**What to do**
From start to end, write out the following data exactly, apart from its images.

**Stored data**
※
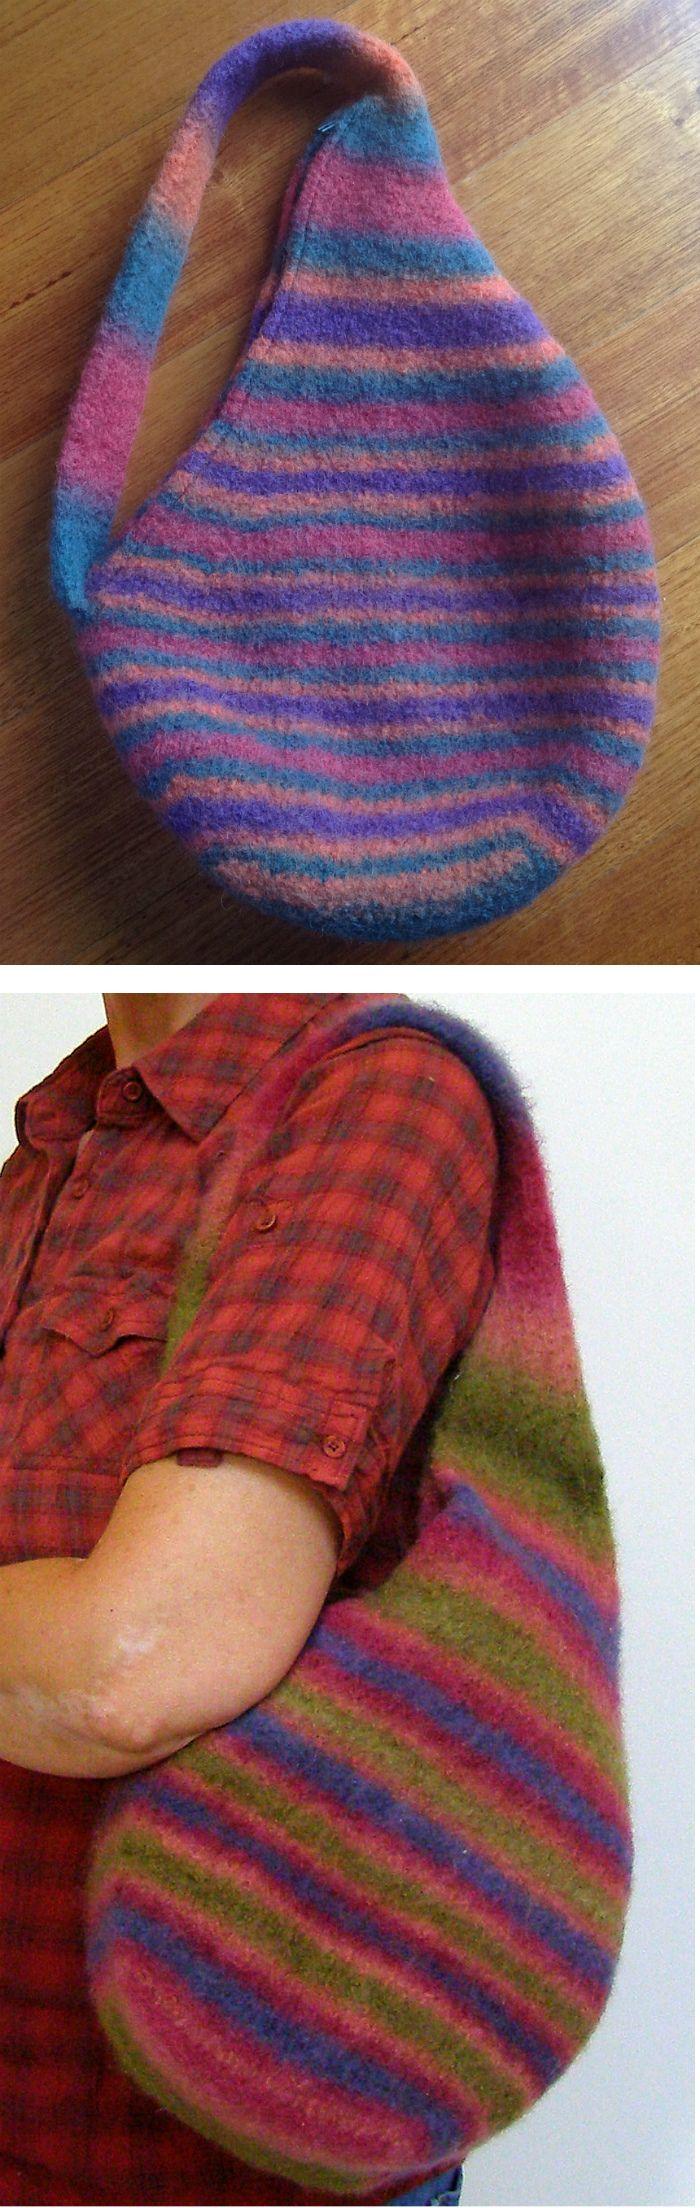 Free Knitting Pattern For Strong Back Bag Shoulder Tote Designed
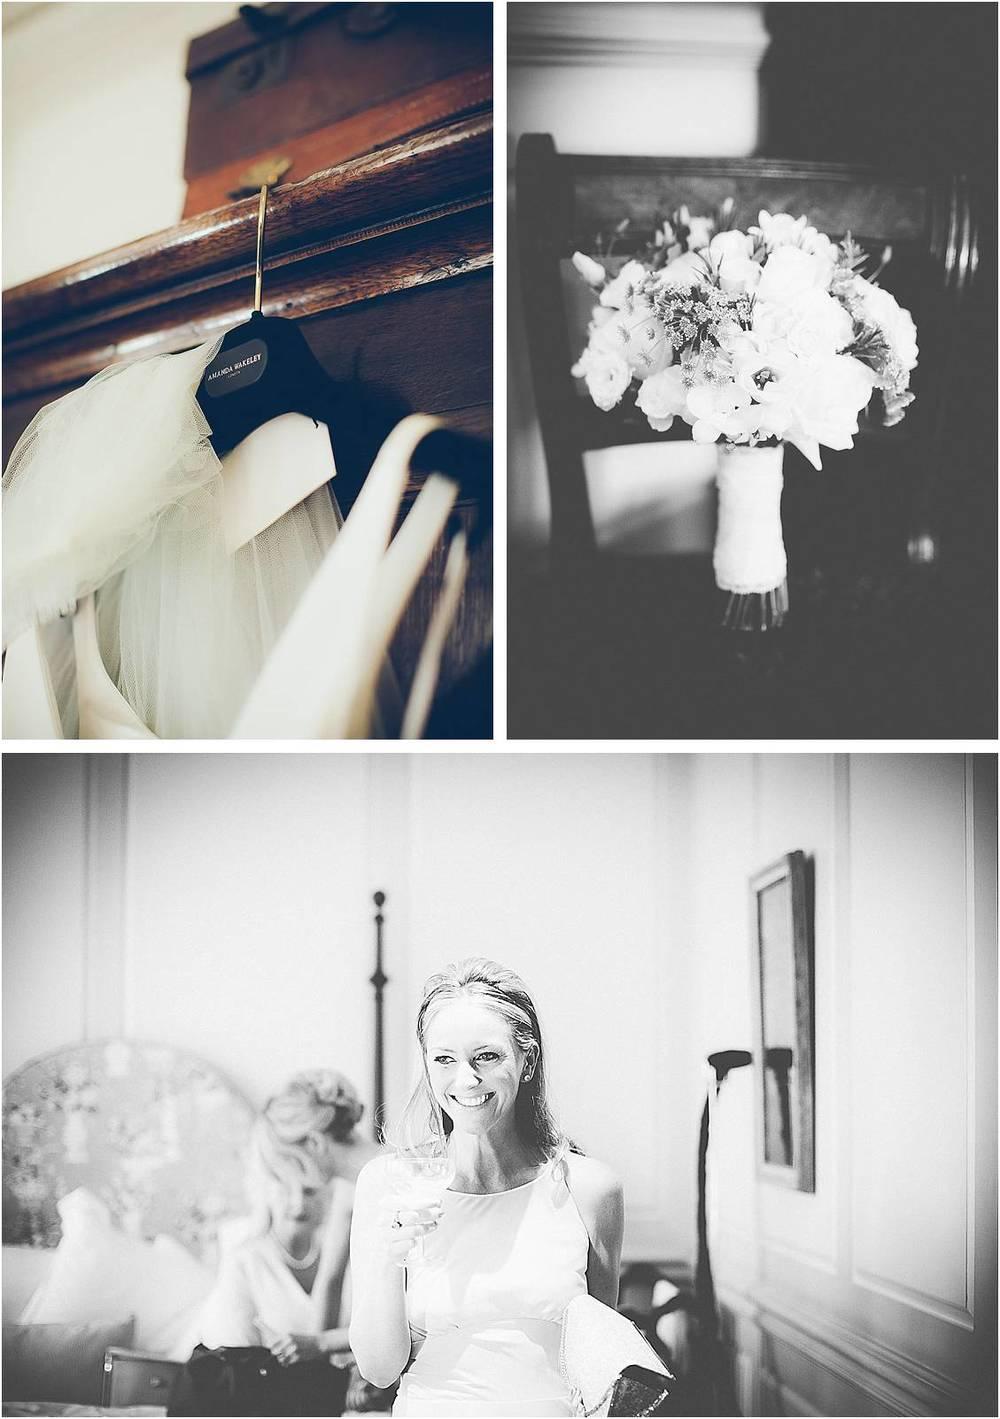 Boud_FionaclairPhotography_OneMarlyebone_Blog-42.jpg
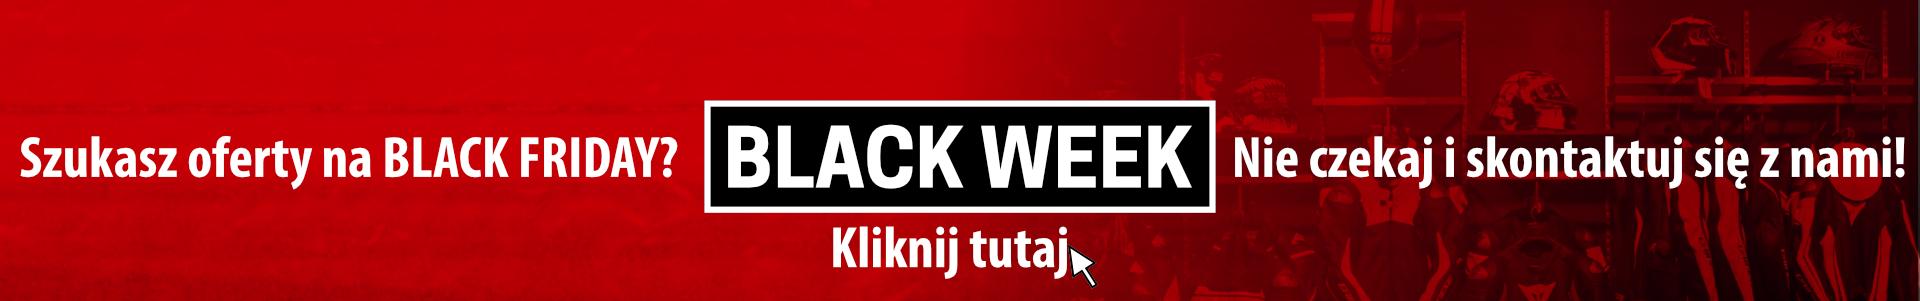 BLACK WEEK - Nie możesz doczekać się BLACK FRIDAY? Nie czekaj i skontaktuj się z nami!
※
**Solution to this task**
 Free Knitting Pattern For Strong Back Bag Shoulder Tote Designed
 Boud_FionaclairPhotography_OneMarlyebone_Blog-42.jpg
 BLACK WEEK - Nie możesz doczekać się BLACK FRIDAY? Nie czekaj i skontaktuj się z nami!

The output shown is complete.